Konstanz-based historian Professor Jürgen Osterhammel, professor of modern and contemporary history at the University of Konstanz, has been awarded the Toynbee Prize 2017. This was announced by the selection committee of the Toynbee Prize Foundation. Professor Jeremy Adelman, historian at the University of Princeton (USA) and member of the foundation’s board of trustees, declared that Osterhammel’s work displayed an unparalleled grasp of wide-ranging historiographical traditions and the ability to combine lively empirical details and enlightening conceptual insights. The award ceremony will take place on 6 January 2017 in the framework of the Annual Meeting of the American Historical Association in Denver (USA).
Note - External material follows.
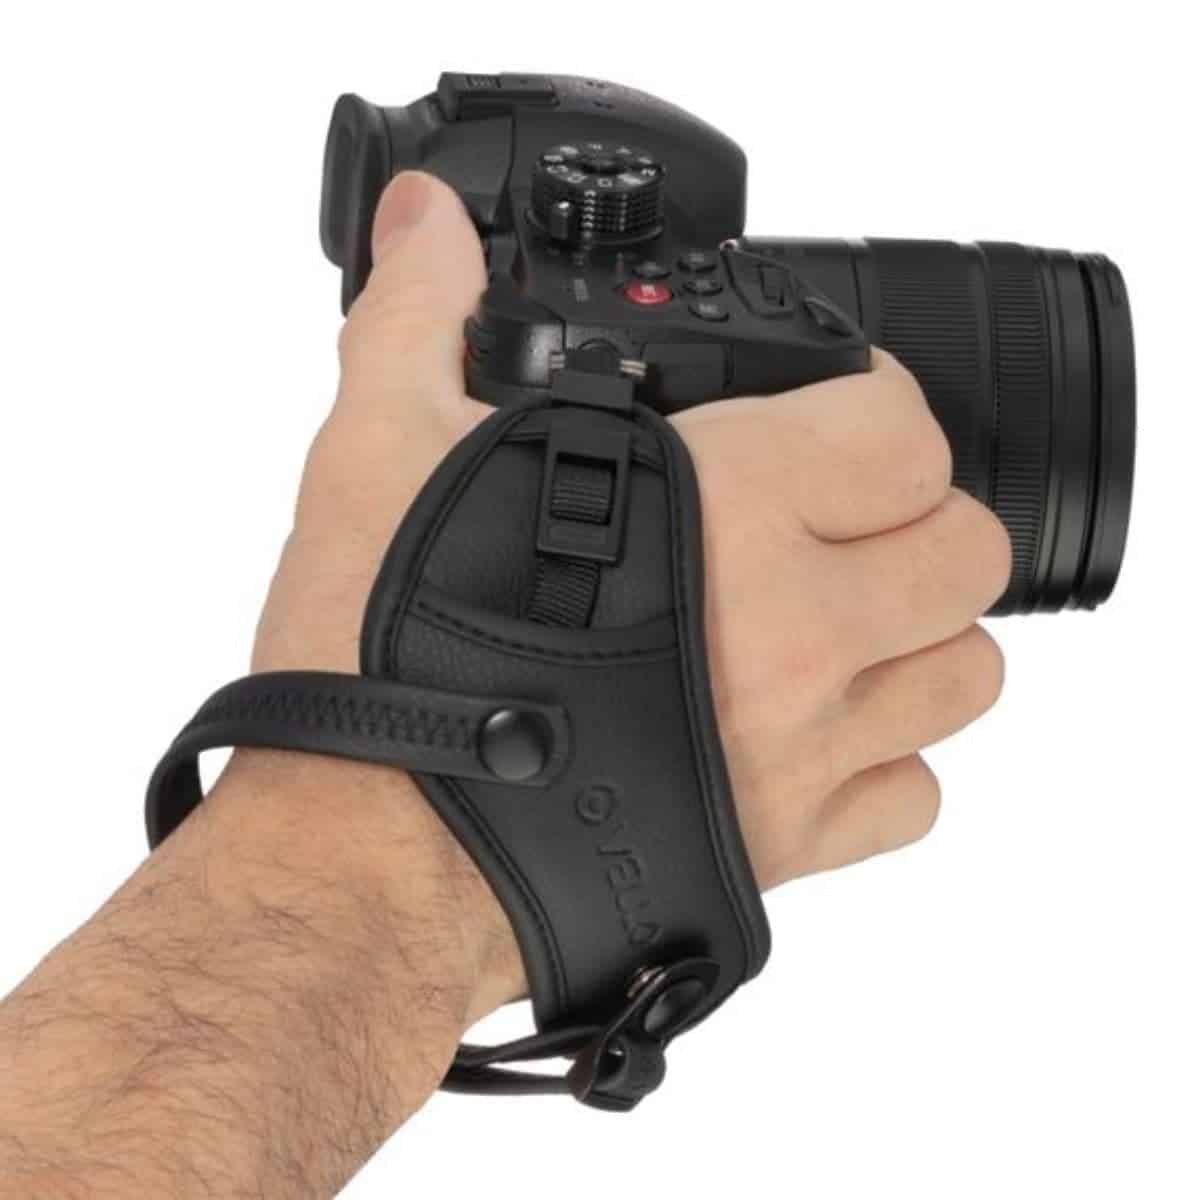 Hand with a Vello camera hand strap.

Jürgen Osterhammel became famous beyond expert circles in particular through his book “The Transformation of the World”. When his global history of the 19th century appeared in 2009, it met with a tremendous response and received numerous awards, including some of the most esteemed prizes awarded in Germany for research and research communication. The English translation appeared in 2014 as a revised and updated version published by Princeton University Press. Translations in nine languages have since been published or are underway. The award decision cites a reviewer’s opinion that it was “undoubtedly the most important achievement so far by a German-speaking historian in the 21st century”.
The “Transformation of the World” is only one of Jürgen Osterhammel’s many publications in the field of global history. His “History of Globalisation”, which appeared in 2003 and was written together with Niels P. Peterson, attracted wide acclaim and was translated into several languages. He is currently publishing a history of the world in six volumes in cooperation with Akira Iriye of Harvard University (USA), which is appearing in both German and English at the same time. The fourth volume has just been issued. Currently he is revising the English version of his book “The Demystification of Asia”.
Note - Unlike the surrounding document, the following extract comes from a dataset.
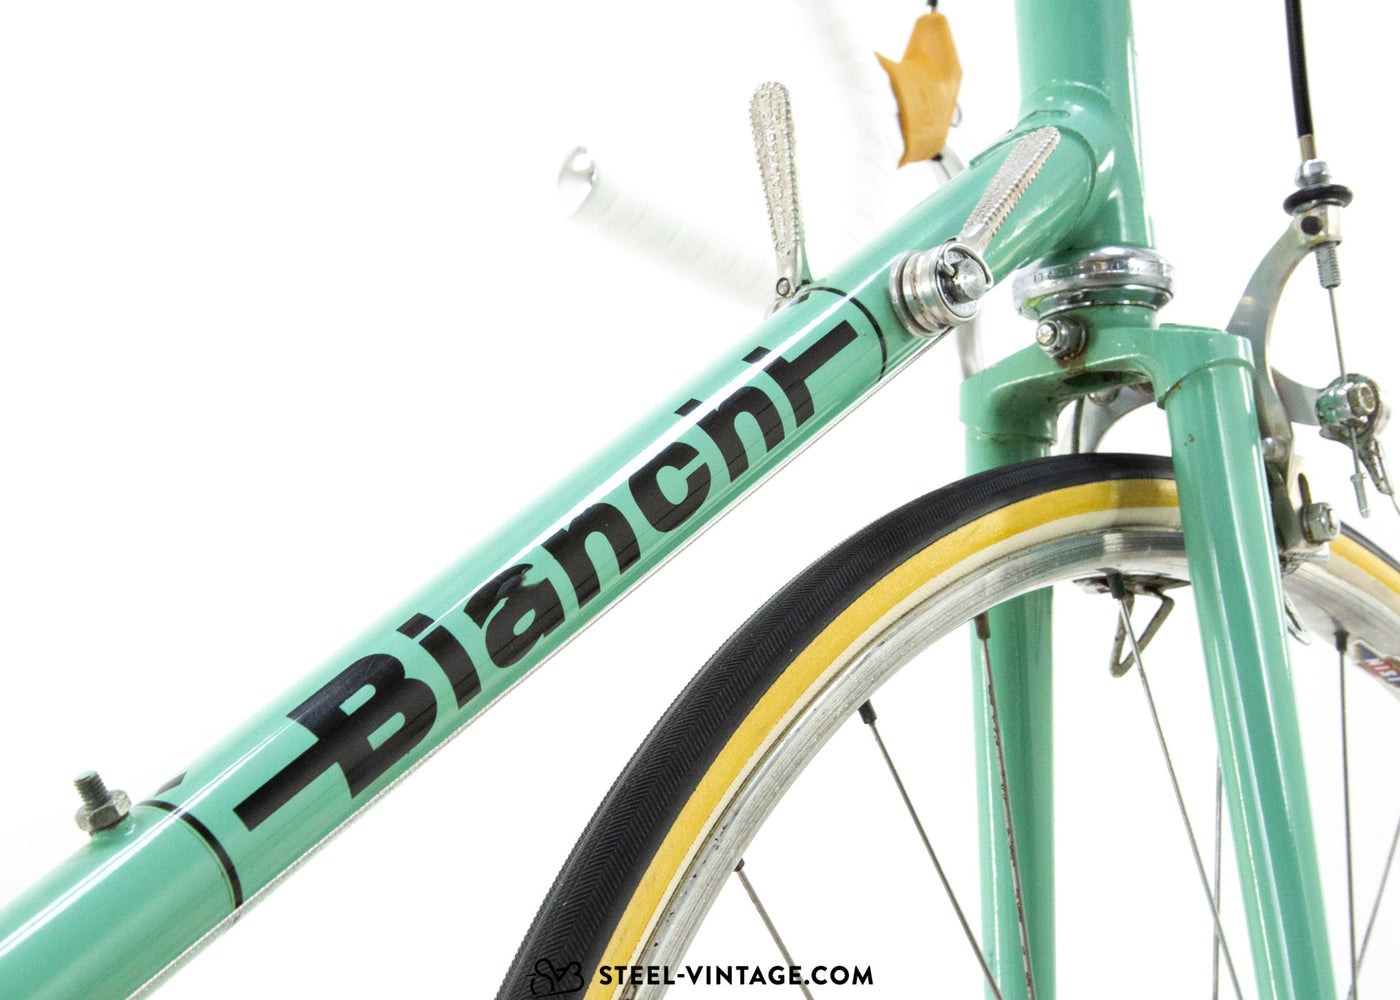 Bianchi Campione Del Mondo CX Road Bicycle 1977

Jürgen Osterhammel has been professor of modern and contemporary history at the University of Konstanz since 1999. He is a member of the Leopoldina, the German National Academy of Sciences, as well as of the Berlin-Brandenburg Academy of Sciences and Humanities and the Academia Europaea and also Corresponding Member of the Austrian Academy of Sciences, the Academy of Sciences of Turin and the British Academy. In 2014, he held the 26th Jan Patočka Memorial Lecture at the Institute for Human Sciences in Vienna, following in the footsteps of speakers such as Ralf Dahrendorf, Jacques Derrida and Edward Said. In 2015, he received the Sigmund Freud Prize for Academic Prose of the German Academy for Language and Literature.
The Toynbee Prize Foundation was set up in 1987 to foster the development of the social sciences. It awards the prize every two years to outstanding researchers in the field of global history. The foundation was named after Arnold J. Toynbee (1889-1975), philosopher of history and universal historian. The prize winners to date include, amongst others, Lord Ralf Dahrendorf and Sir Christopher Bayly, who died last year.